Re: [Haskell-cafe] From function over expression (+, *) derive function over expression (+)

4 Dec 2009


      On Fri, Dec 04, 2009 at 11:52:35AM -0600, Derek Elkins wrote:
...
On Fri, Dec 4, 2009 at 11:26 AM, Radek Micek  wrote:
...
Hello.
I have two types for expression:
data Expr = Add Expr Expr | Mul Expr Expr | Const Int
data AExpr = AAdd AExpr AExpr | AConst Int
The first one supports addition and multiplication and the second
only addition.
I can write a function to simplify the first expression:
simplify :: Expr -> Expr
simplify = {- replaces:
"a*1" and "1*a" by "a",
"a+0" and "0+a" by a -}
And I would like to use the function simplify for the second type
AExpr. What can I do is to convert AExpr to Expr, simplify it and
convert it back. But I don't like this solution because
conversions take some time.
I would prefer following: I say to the compiler that AAdd is like Add
and AConst is like Const and the compiler derives function
asimplify for AExpr.
Is it possible to do this?
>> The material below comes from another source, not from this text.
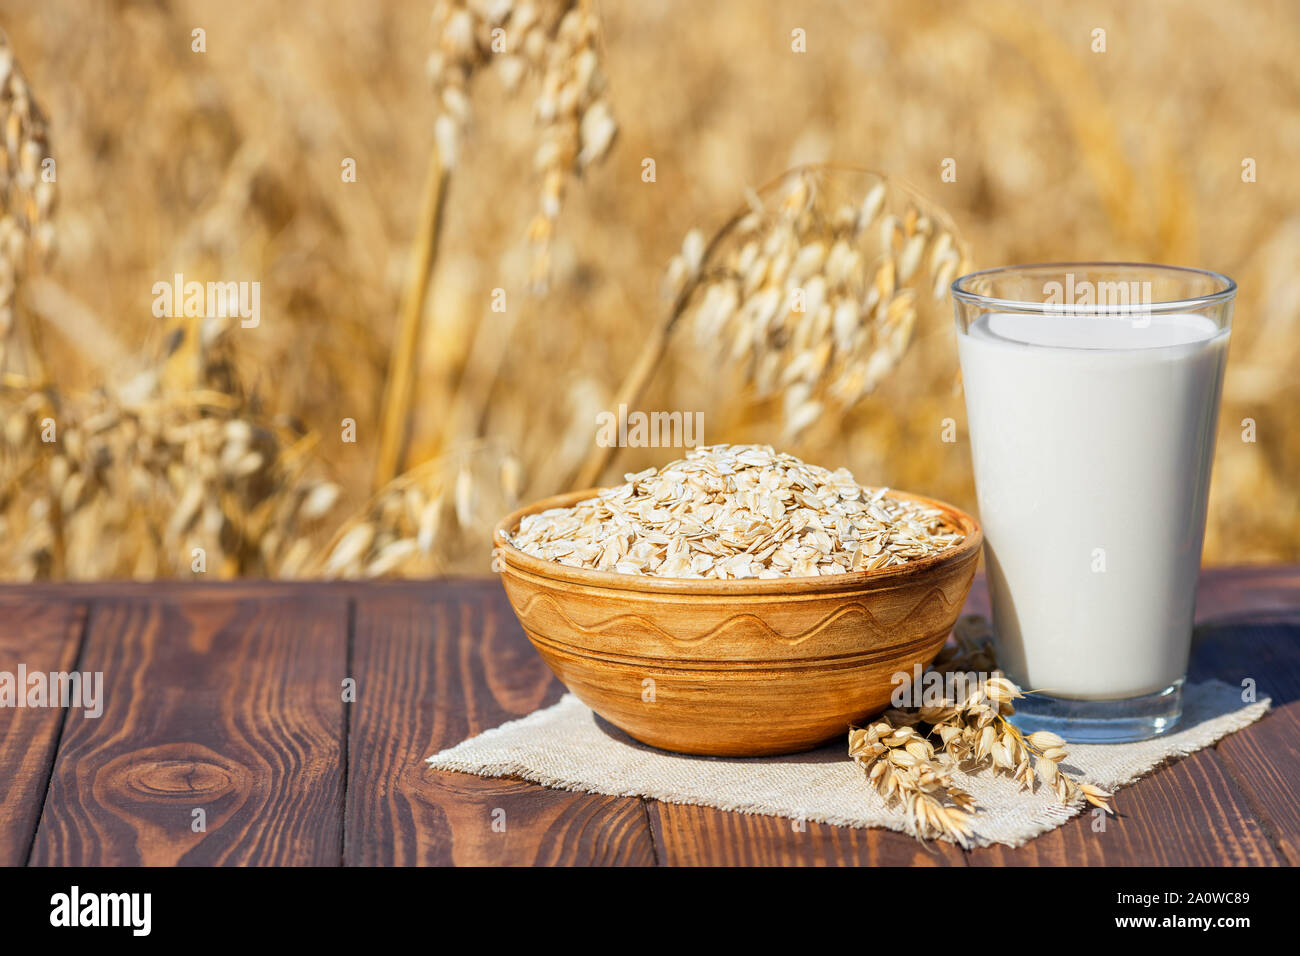 vegan oat milk in glass with uncooked oatmeal in bowl on table over against ripe cereal field Stock Photo
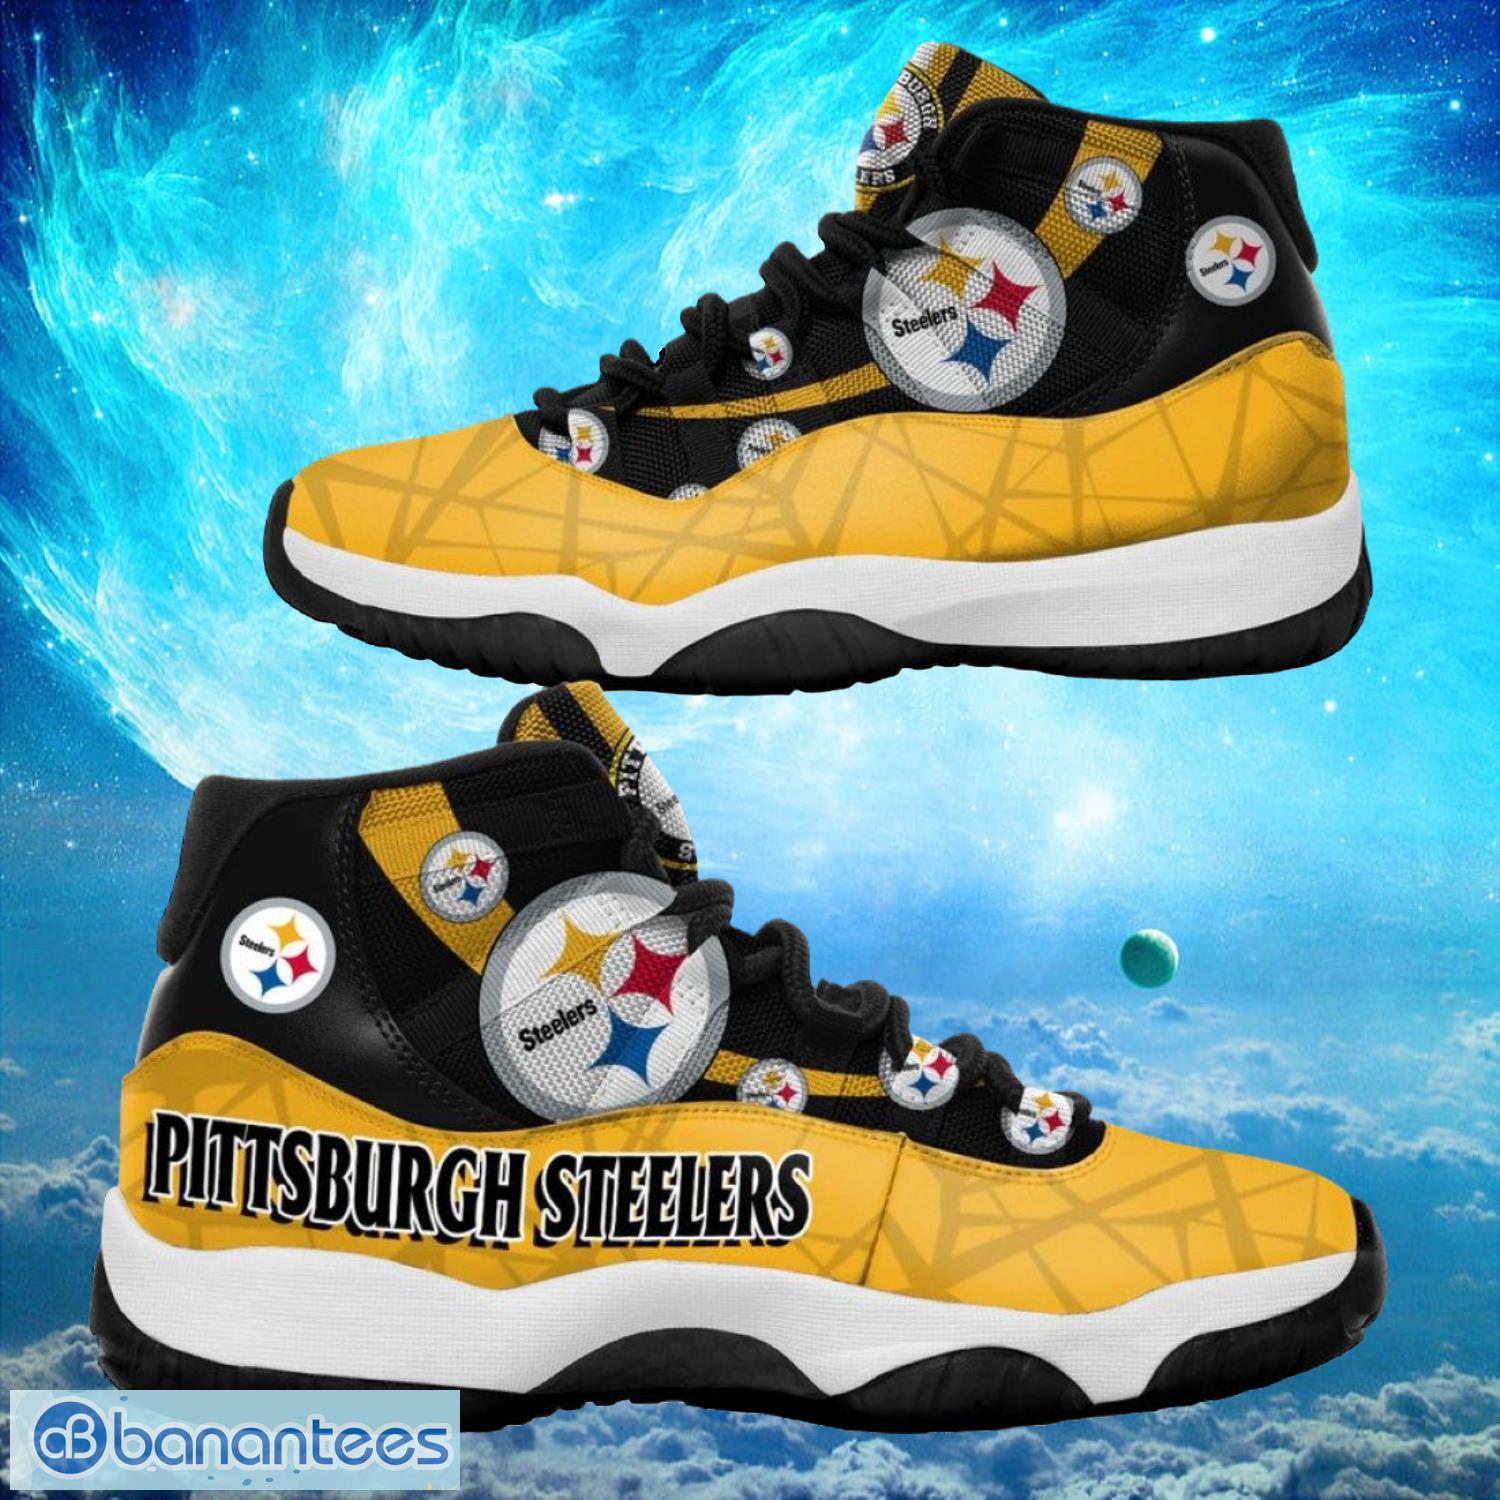 Pittsburgh Steelers NFL Air Jordan 11 Sneakers Shoes Gift For Fans Product Photo 1

In fact I want to have two distinct types
where one is "extension" of the second (Expr is extension of AExpr)
and I want to define a function for the extended type (Expr) and
use it for the original type (AExpr). I assume that the function won't
introduce Mul to the expression which had no Mul.
What you'd ideally want is called refinement types which Haskell, and
as far as I know, no practical language has.  There is a paper about a
way to encode these, but it is fairly heavy-weight.  You could use
phantom type trickery to combine the data types into one type but
still statically check that only additive expressions are passed to
certain functions, but that too is also probably more trouble than
it's worth.
In this particular case, with only two types Expr and AExpr, the
encoding is not particularly onerous.

{-# LANGUAGE GADTs, EmptyDataDecls, ViewPatterns #-}

data M
data Blah

-- A value of type 'E a' can only involve multiplication when a is M
data E a where
  Const :: Int -> E a
  Add :: E a -> E a -> E a
  Mul :: E M -> E M -> E M

type Expr = E M
type AExpr = E Blah

-- The same simplify function we would write for the original Expr,
-- with a different type
simplify :: E a -> E a
simplify (Const x) = Const x
simplify (Add (simplify -> a) (simplify -> b)) = case (a, b) of
  (Const 0, _) -> b
  (_, Const 0) -> a
  _ -> Add a b
simplify (Mul (simplify -> a) (simplify -> b)) = case (a, b) of
  (Const 1, _) -> b
  (_, Const 1) -> a
  _ -> Mul a b

Regards,
Reid Barton